Dosage compensation plans: protein aggregation provides additional insurance against aneuploidy

Abstract

Gene dosage alterations caused by aneuploidy are a common feature of most cancers yet pose severe proteotoxic challenges. Therefore, cells have evolved various dosage compensation mechanisms to limit the damage caused by the ensuing protein level imbalances. For instance, for heteromeric protein complexes, excess nonstoichiometric subunits are rapidly recognized and degraded. In this issue of Genes & Development, Brennan et al. (pp. 1031-1047) reveal that sequestration of nonstoichiometric subunits into aggregates is an alternative mechanism for dosage compensation in aneuploid budding yeast and human cell lines. Using a combination of proteomic and genetic techniques, they found that excess proteins undergo either degradation or aggregation but not both. Which route is preferred depends on the half-life of the protein in question. Given the multitude of diseases linked to either aneuploidy or protein aggregation, this study could serve as a springboard for future studies with broad-spanning implications.
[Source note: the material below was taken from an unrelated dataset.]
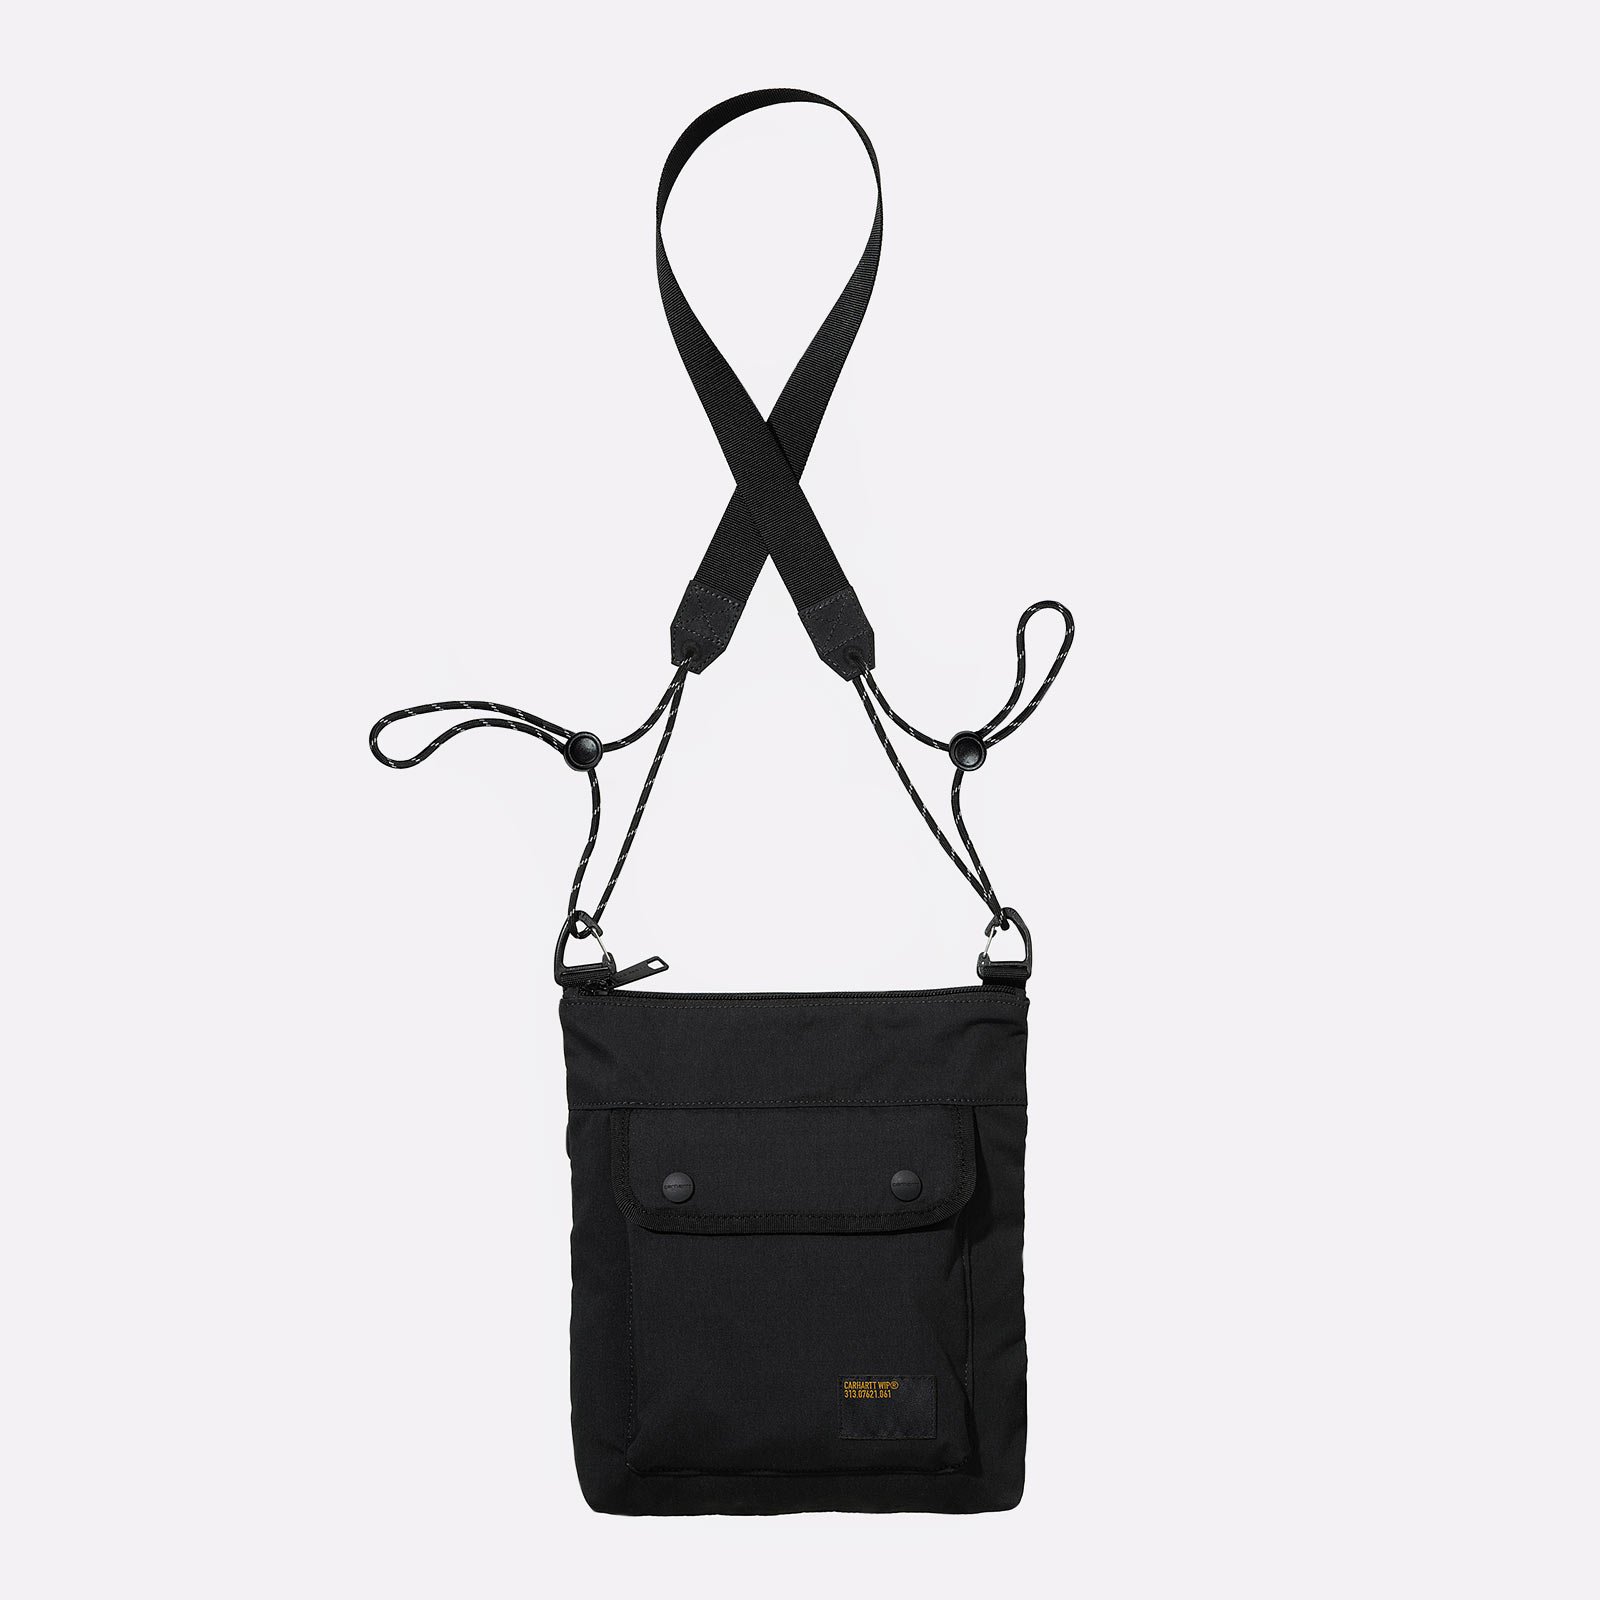  черная сумка Carhartt WIP Haste Strap Bag I032191-black - цена, описание, фото 1

Keywords: aneuploidy; protein aggregation; protein homeostasis.

Figure 1.

Model of aggregation as a dosage compensation mechanism in aneuploid cells. (A) In euploid cells, protein complex subunits encoded on different chromosomes are produced at homeostatic levels, promoting complex assembly. (B) Additional copies of chromosomes in the aneuploid state result in a chronic proteotoxic stress partially due to substoichiometric subunits produced directly from genes encoded on the extra chromosome (chromosome I). The substoichiometric subunits engage cellular protein quality control pathways leading to degradation or aggregation. (C) The investigators show that the fate of a substoichiometric subunit depends on its half-life.